§ **Exercise details**
Each record below is to be output unchanged, and any picture is to be dropped.

§ **Source information**
§

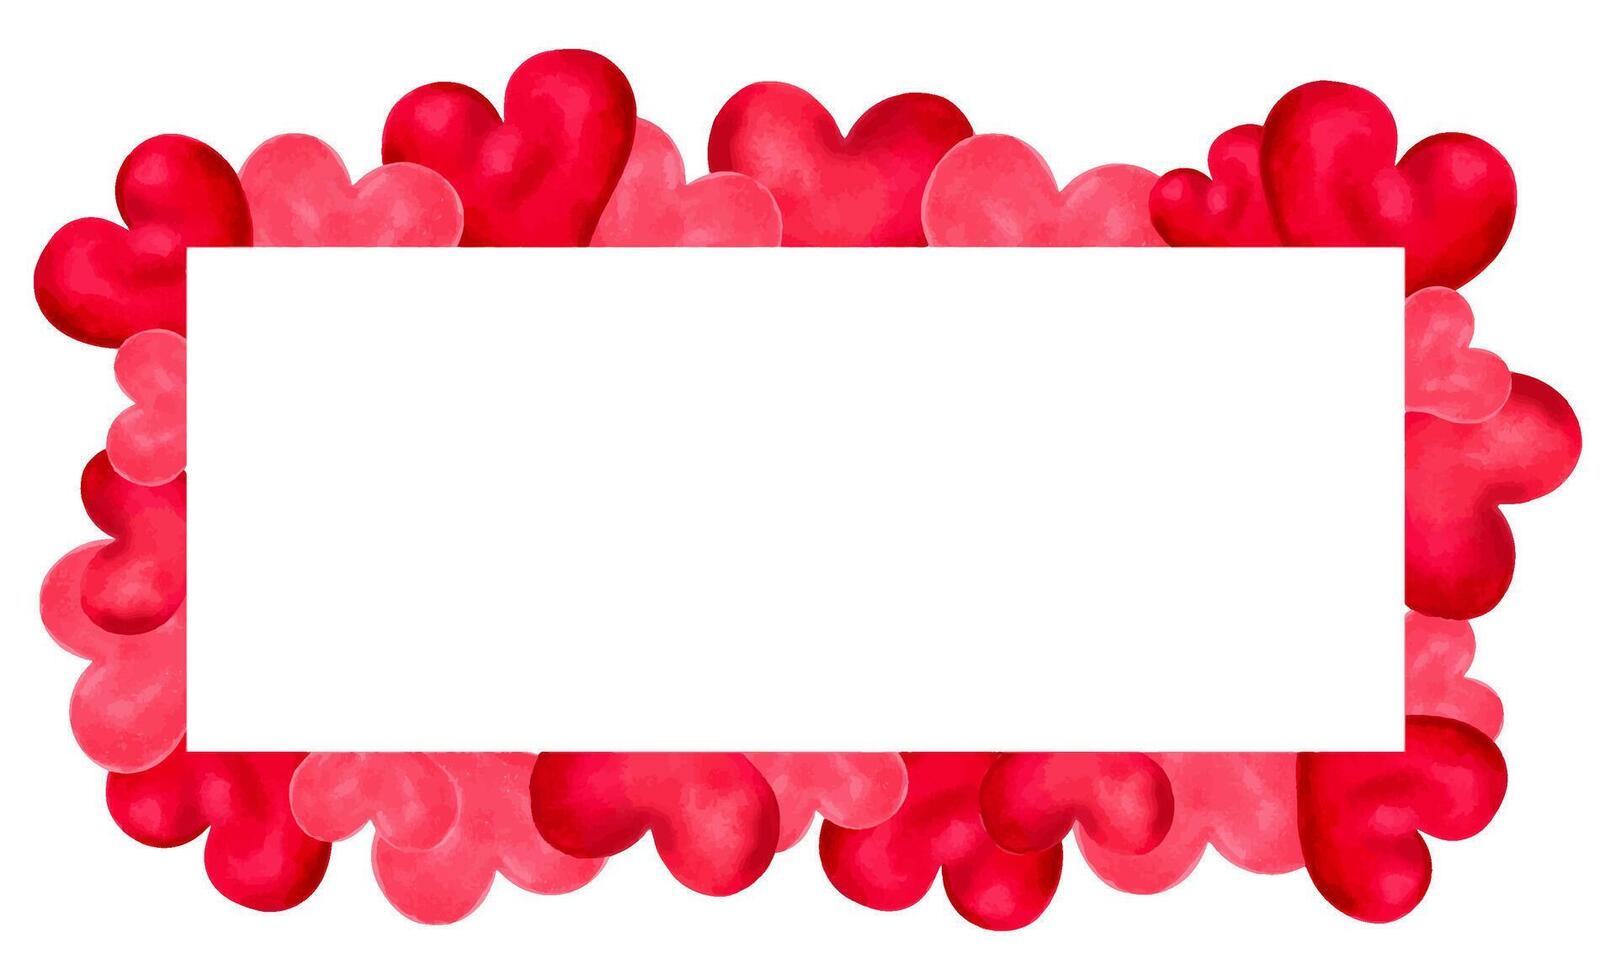 San Valentín día marco con sitio para texto.rectangular modelo hecho de rosado rojo corazones.banner para diseño decoración para de la madre día,amigos,novias,solteros día. vector
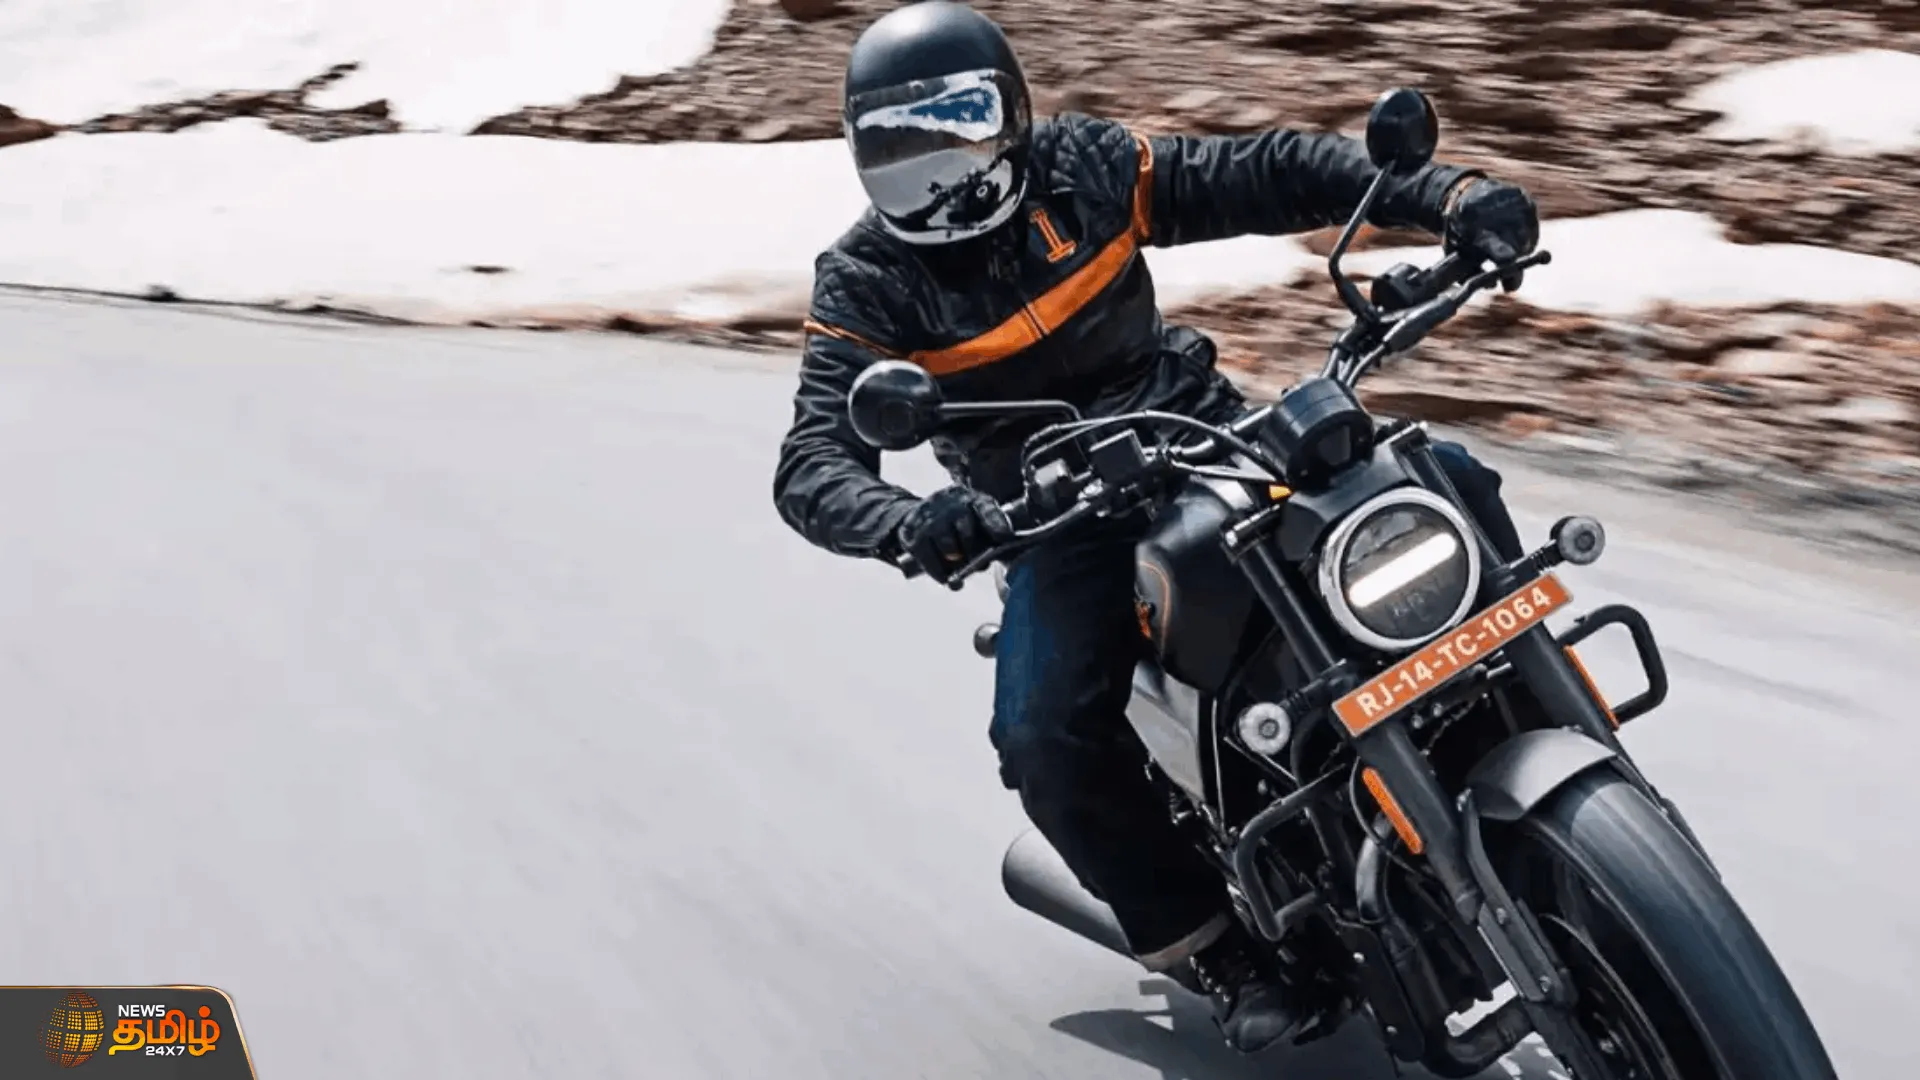 Harley Davidson X440 பைக்கின் புதிய Scrambler வெர்ஷன்   Scrambler வெர்ஷன் 2024ஆம் ஆண்டு வெளியாகும் என தகவல்
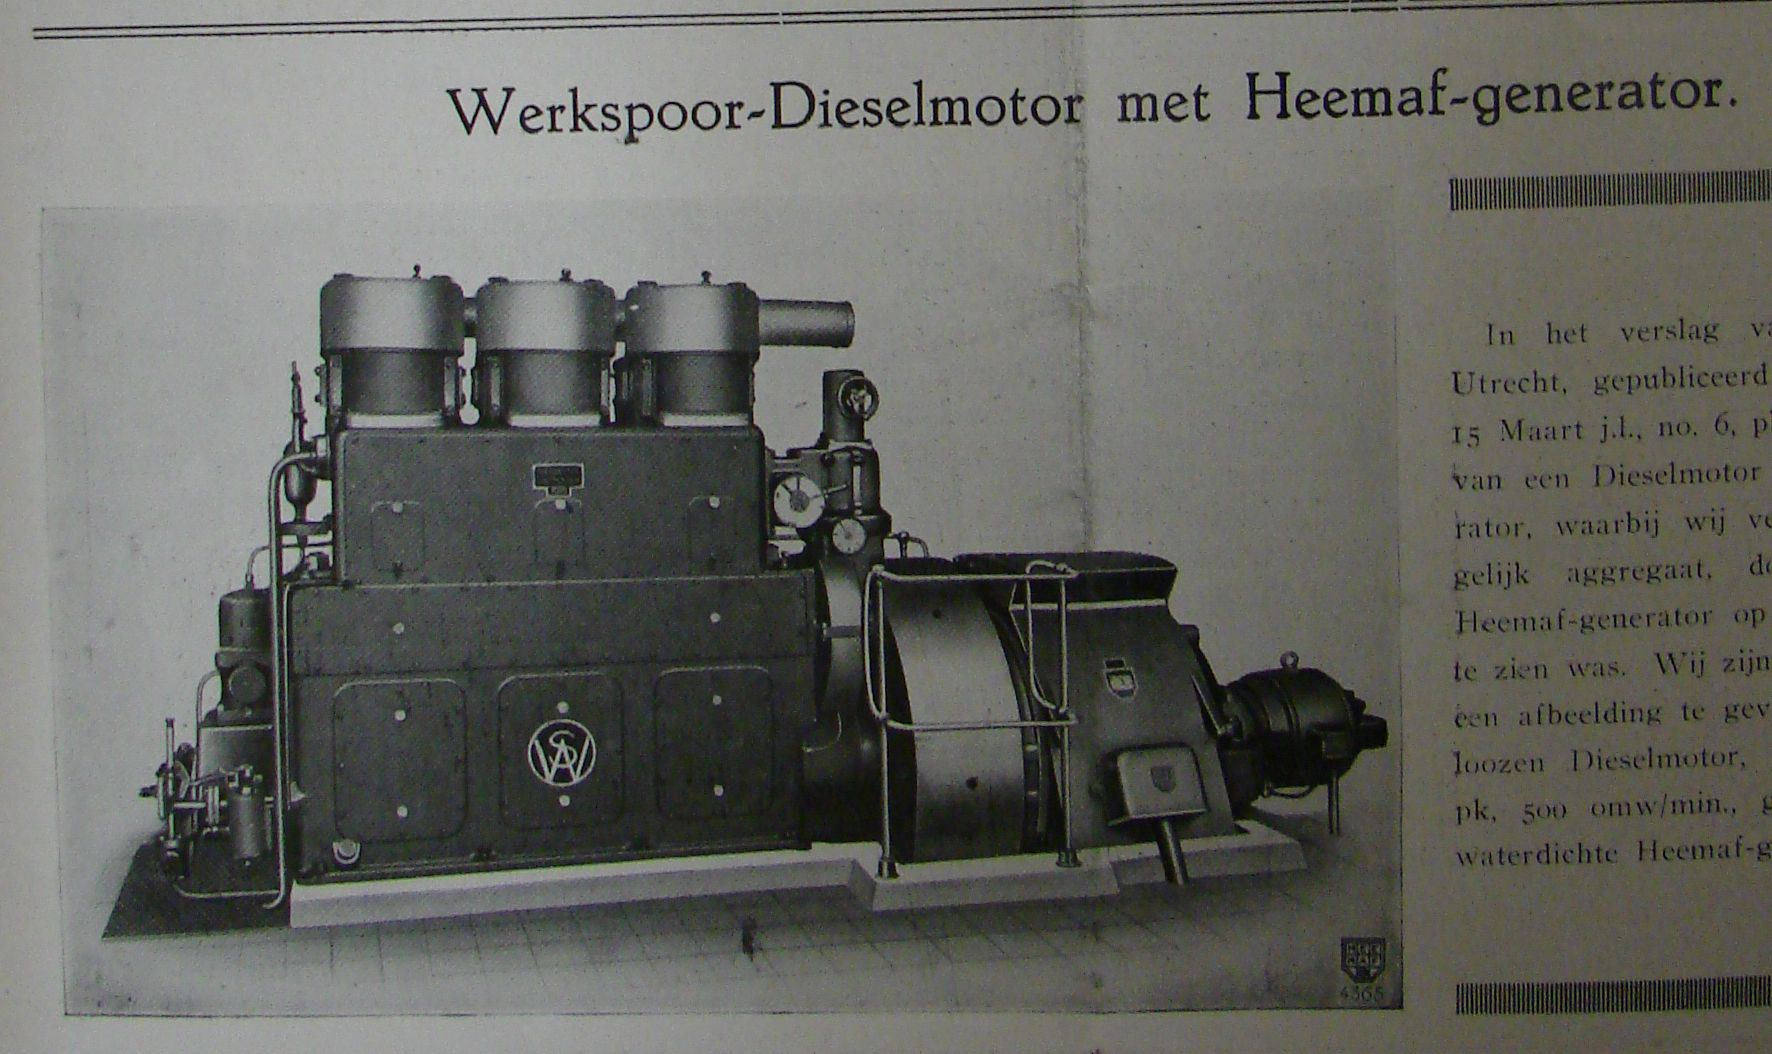 Werkspoor dieselmotor met Heemaf generator 1932
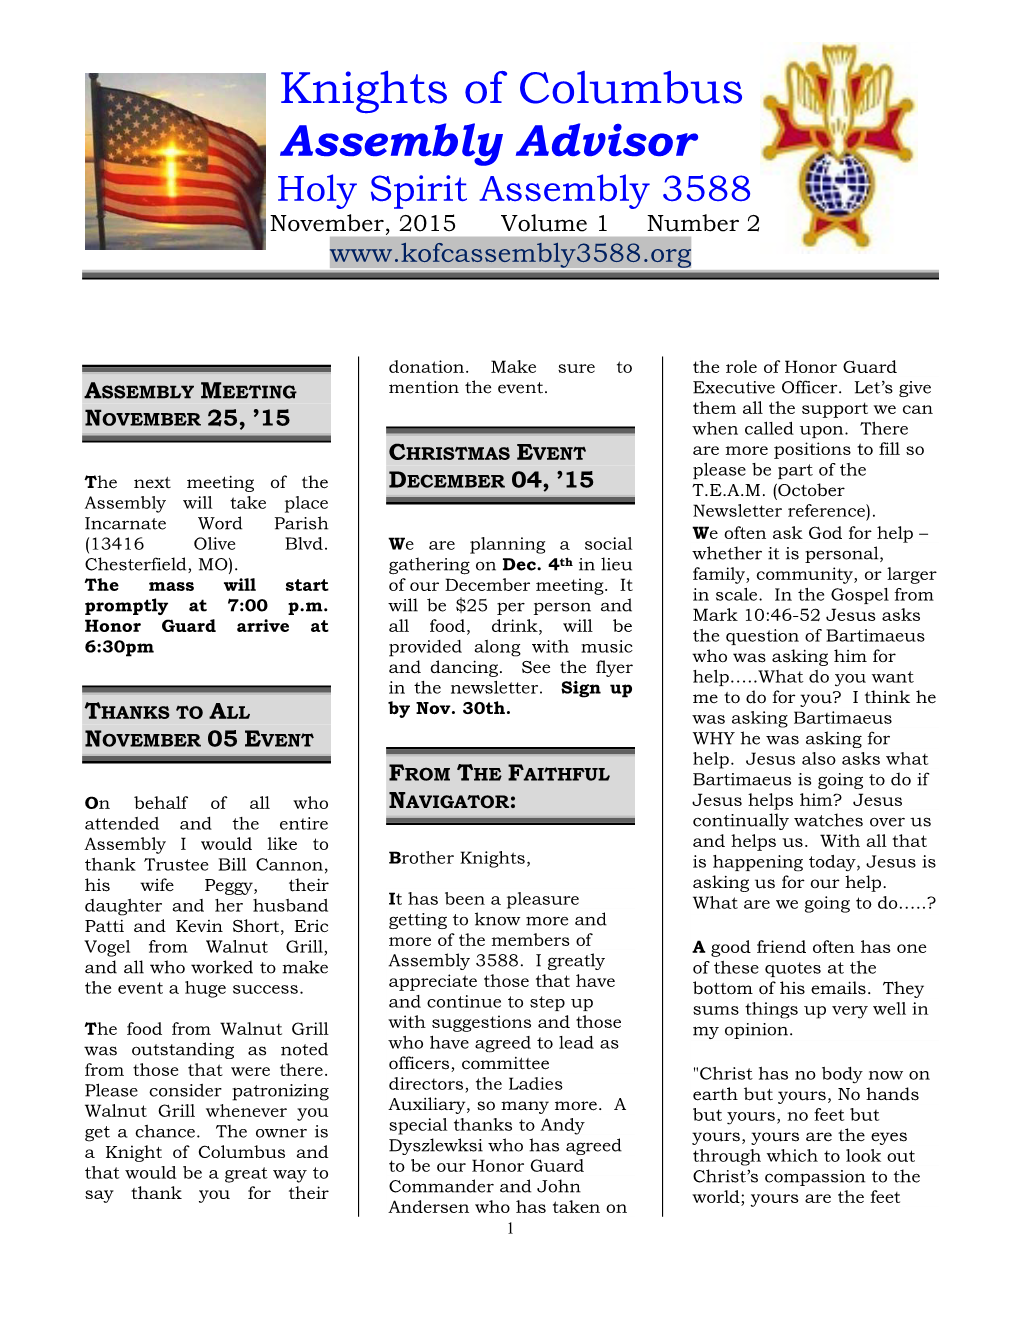 Assembly Advisor Holy Spirit Assembly 3588 November, 2015 Volume 1 Number 2
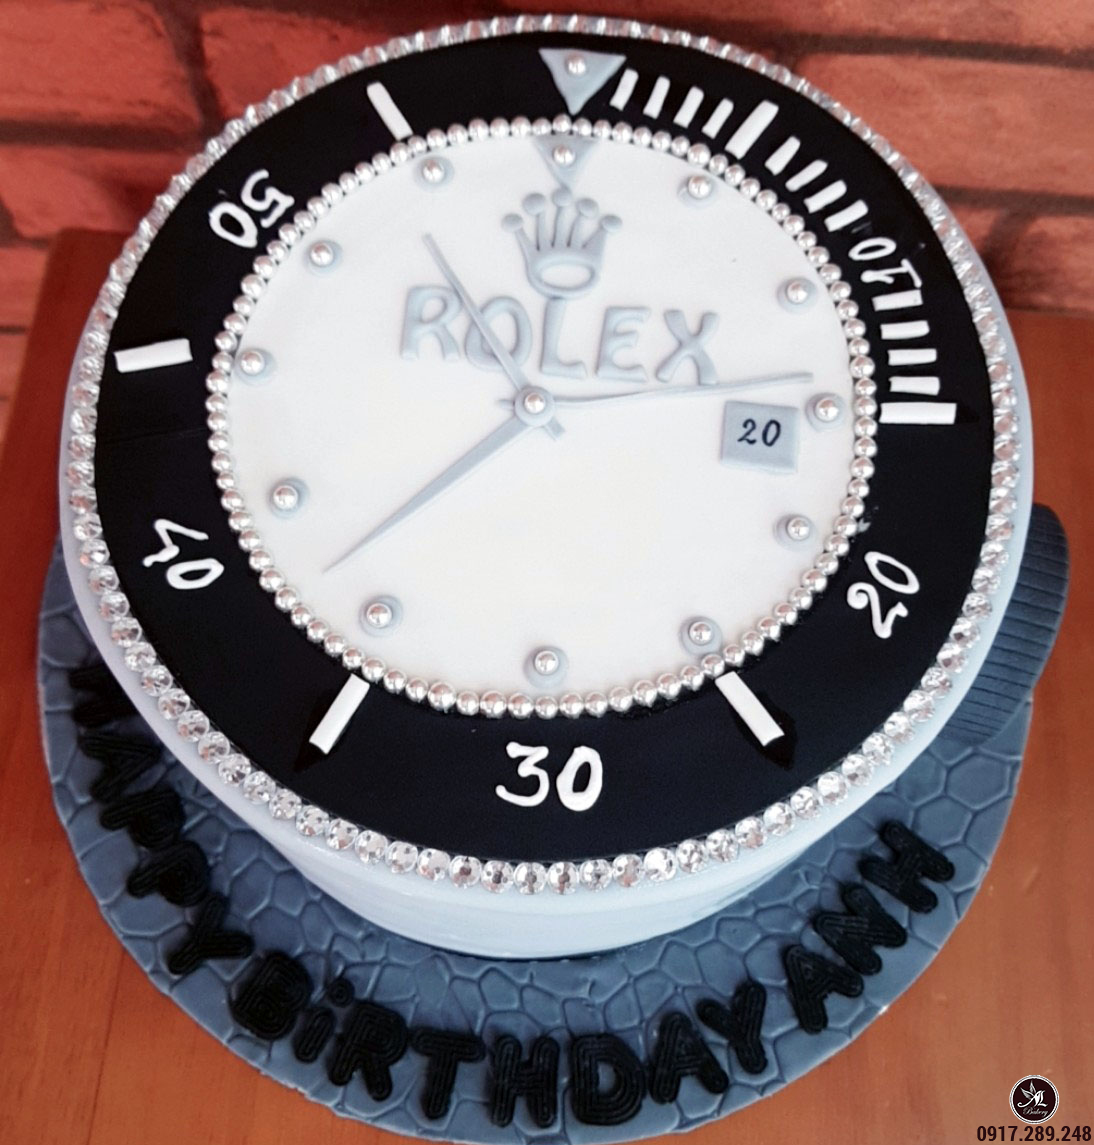 Bánh sinh nhật tạo hình đồng hồ Rolex cho bạn trẻ đam mê đồng hồ ...

§

§ **Solution for this exercise**
 San Valentín día marco con sitio para texto.rectangular modelo hecho de rosado rojo corazones.banner para diseño decoración para de la madre día,amigos,novias,solteros día. vector
 Harley Davidson X440 பைக்கின் புதிய Scrambler வெர்ஷன்   Scrambler வெர்ஷன் 2024ஆம் ஆண்டு வெளியாகும் என தகவல்
 Werkspoor dieselmotor met Heemaf generator 1932
 Assembly Advisor Holy Spirit Assembly 3588 November, 2015 Volume 1 Number 2
 Bánh sinh nhật tạo hình đồng hồ Rolex cho bạn trẻ đam mê đồng hồ ...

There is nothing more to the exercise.